PROVIDED ENTRIES ->
____

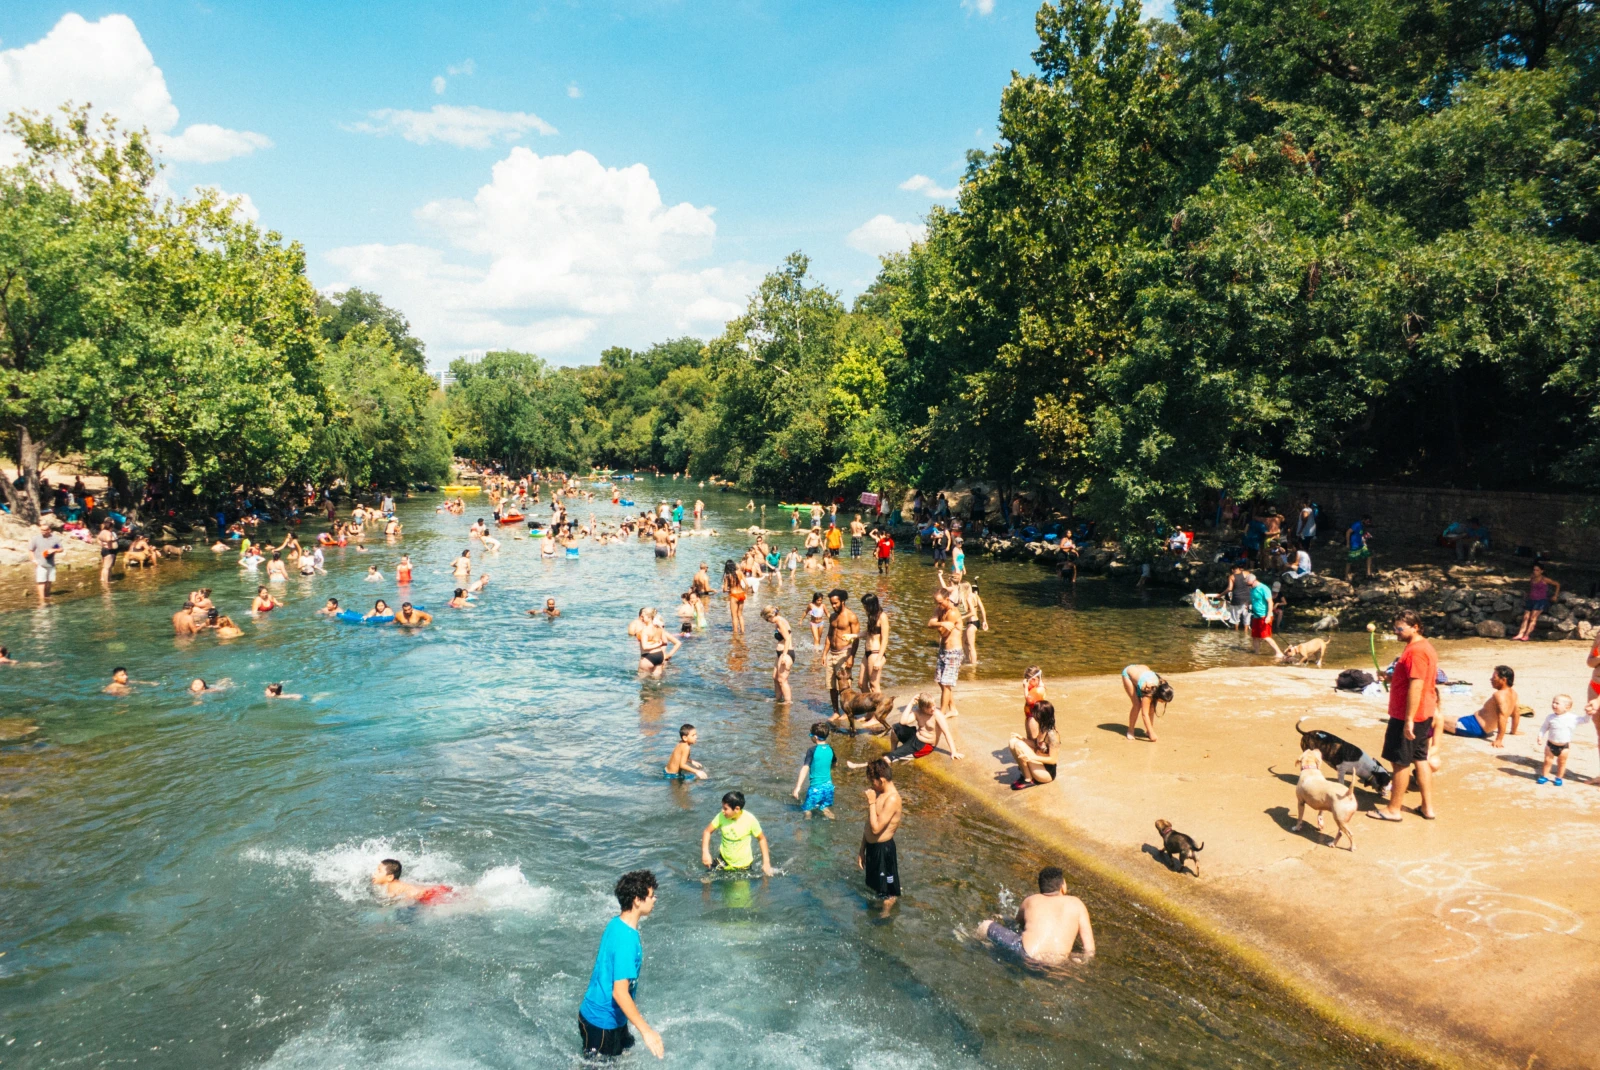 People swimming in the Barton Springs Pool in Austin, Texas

____

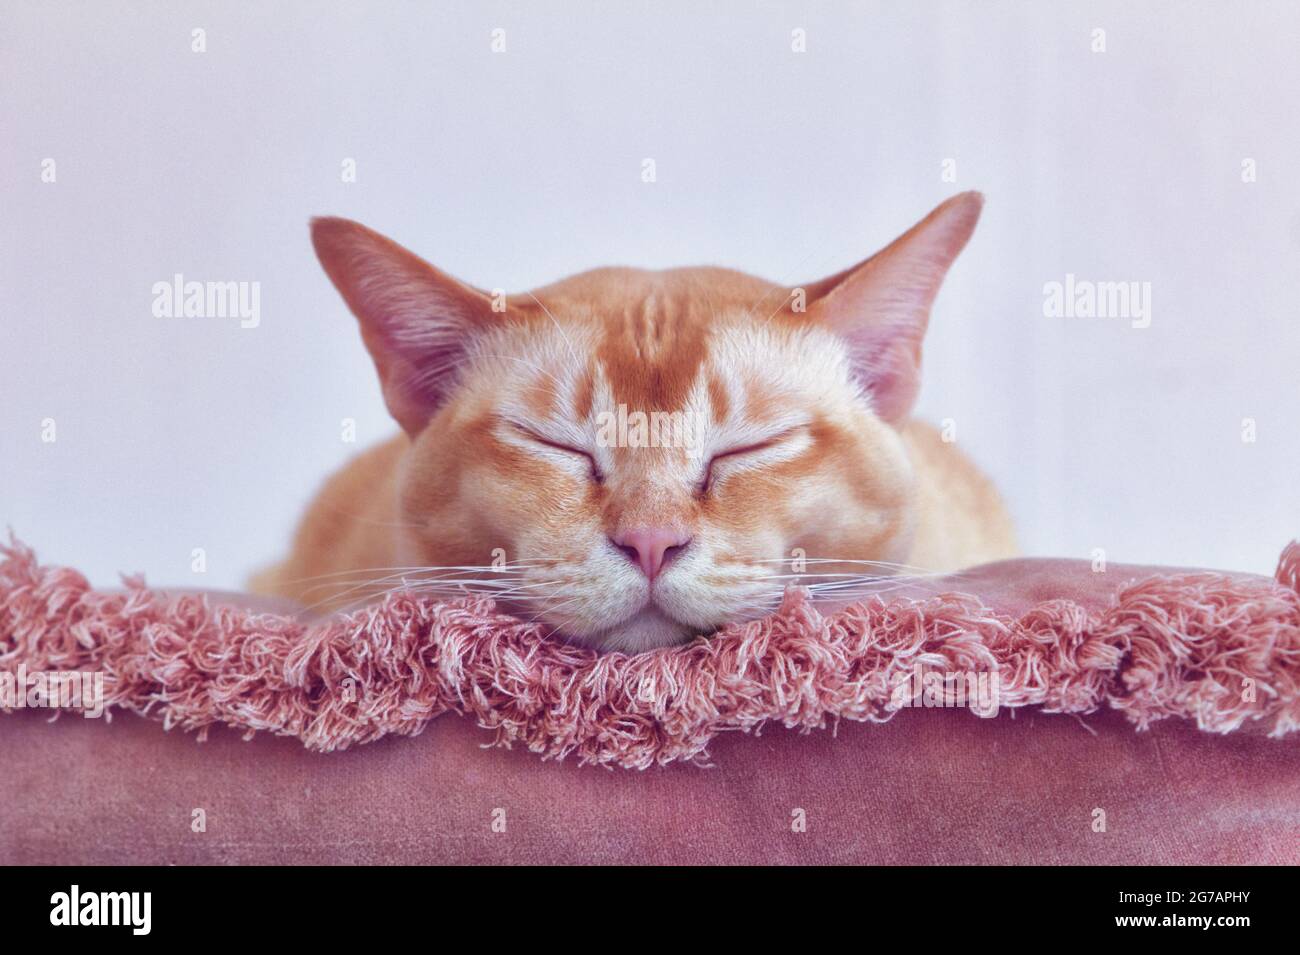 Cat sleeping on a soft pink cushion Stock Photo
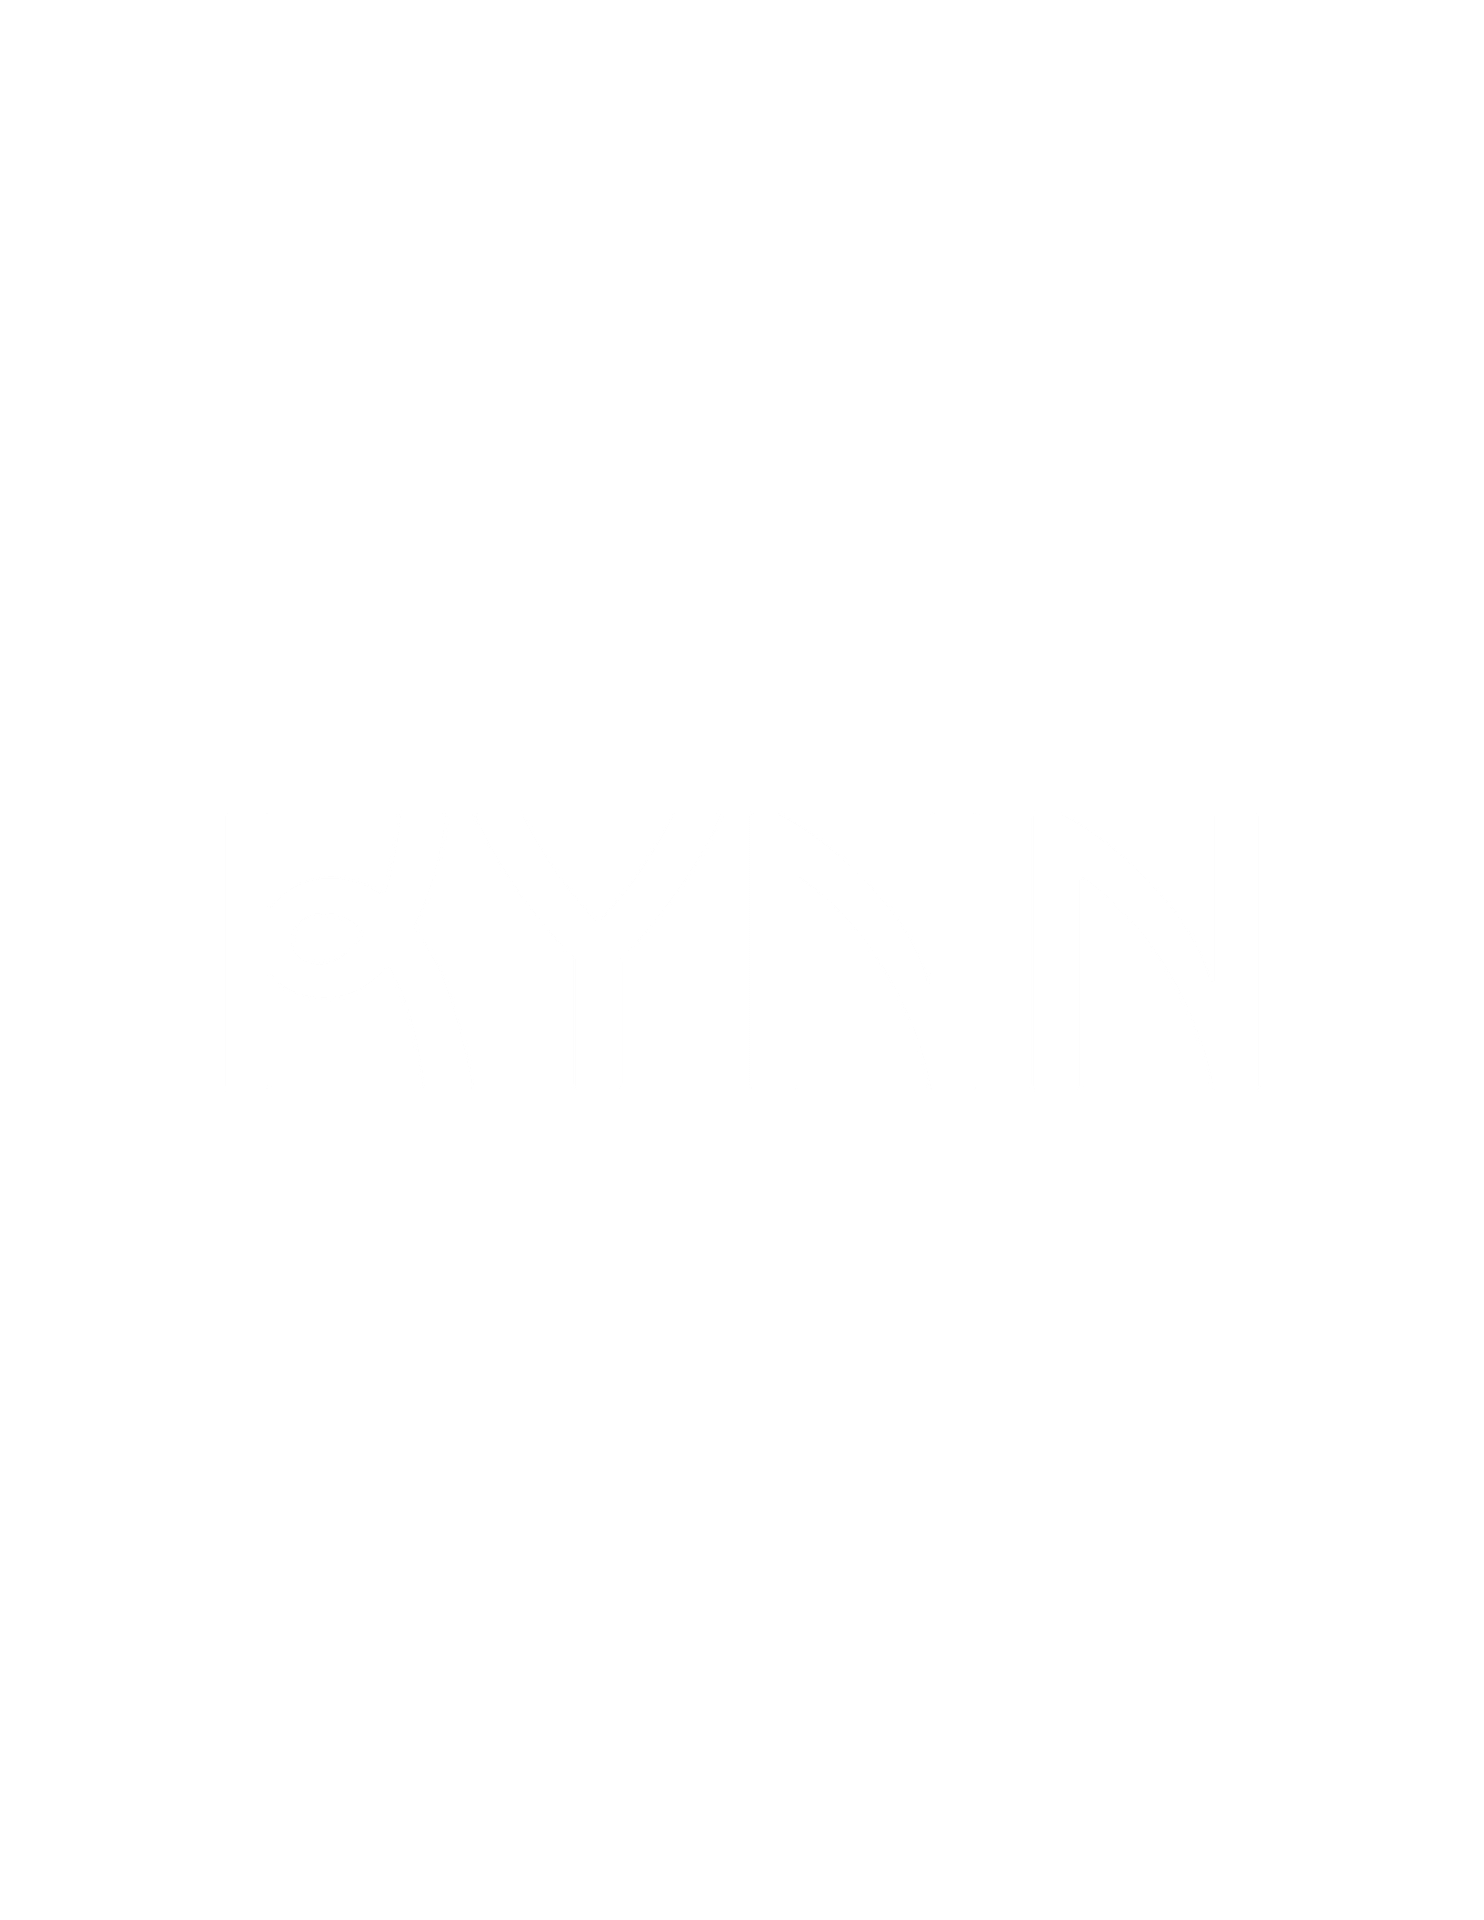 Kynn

____

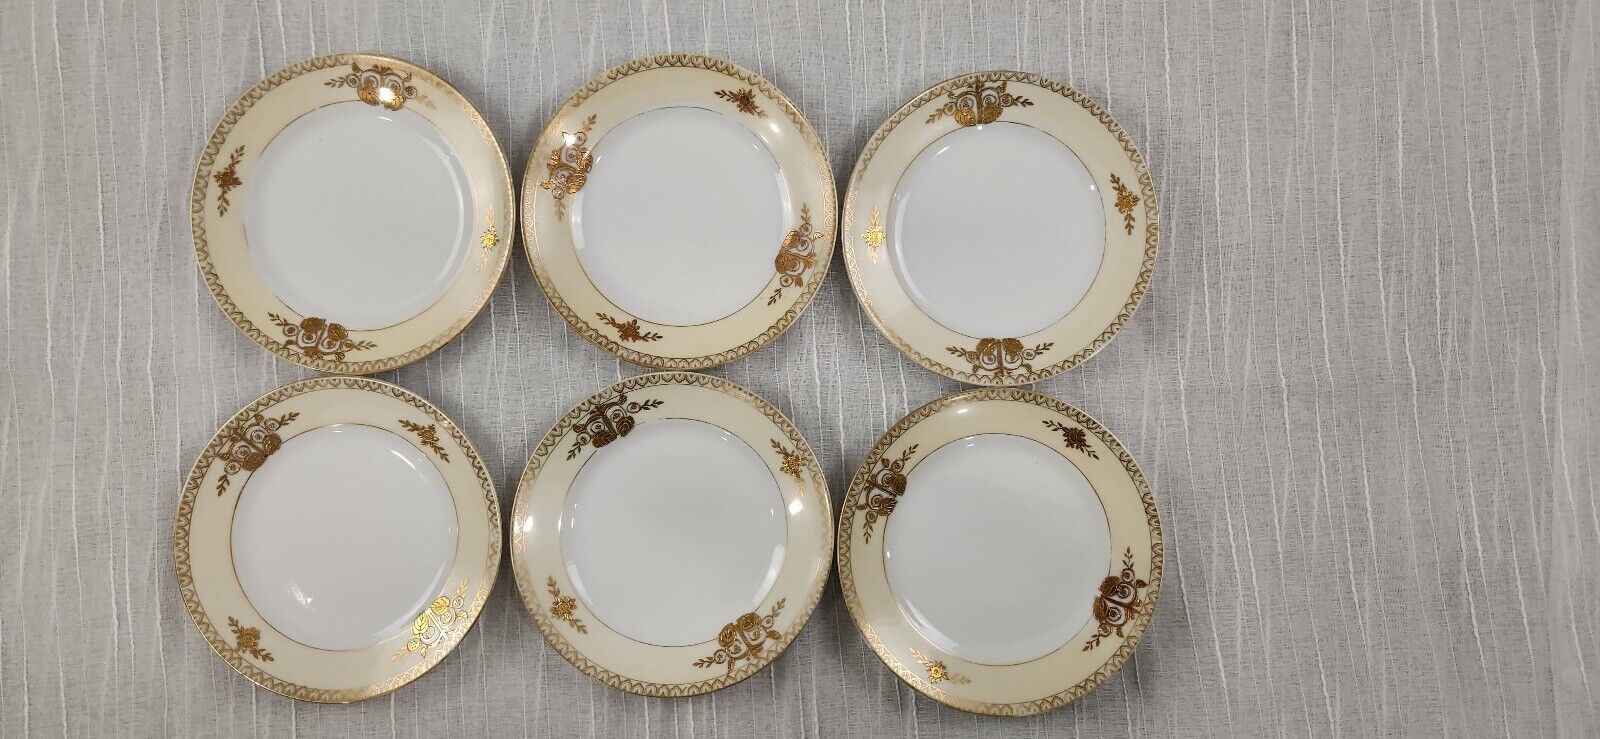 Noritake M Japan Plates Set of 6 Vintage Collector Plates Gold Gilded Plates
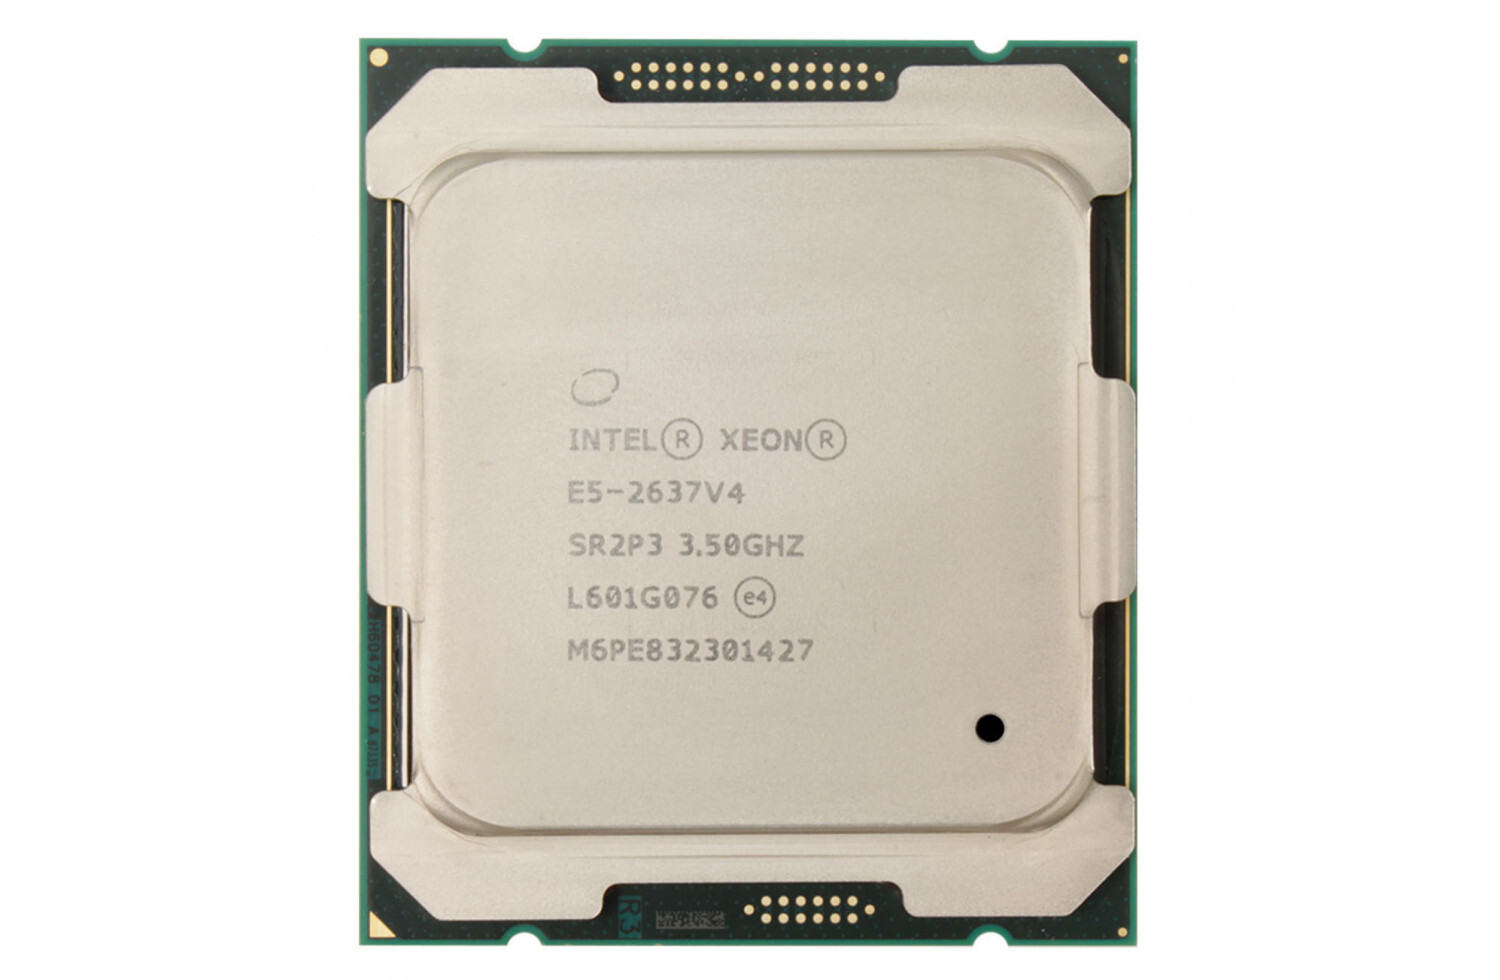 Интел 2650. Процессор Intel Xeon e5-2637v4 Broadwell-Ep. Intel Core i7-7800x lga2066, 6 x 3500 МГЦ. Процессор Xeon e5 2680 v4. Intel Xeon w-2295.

____

Going by the entries above, repeat exactly the lines that start at the line with "Noritake M Japan" and go on through the line with "Интел 2650. Процессор". Pictures are not part of the copy.

 Noritake M Japan Plates Set of 6 Vintage Collector Plates Gold Gilded Plates
 Интел 2650. Процессор Intel Xeon e5-2637v4 Broadwell-Ep. Intel Core i7-7800x lga2066, 6 x 3500 МГЦ. Процессор Xeon e5 2680 v4. Intel Xeon w-2295.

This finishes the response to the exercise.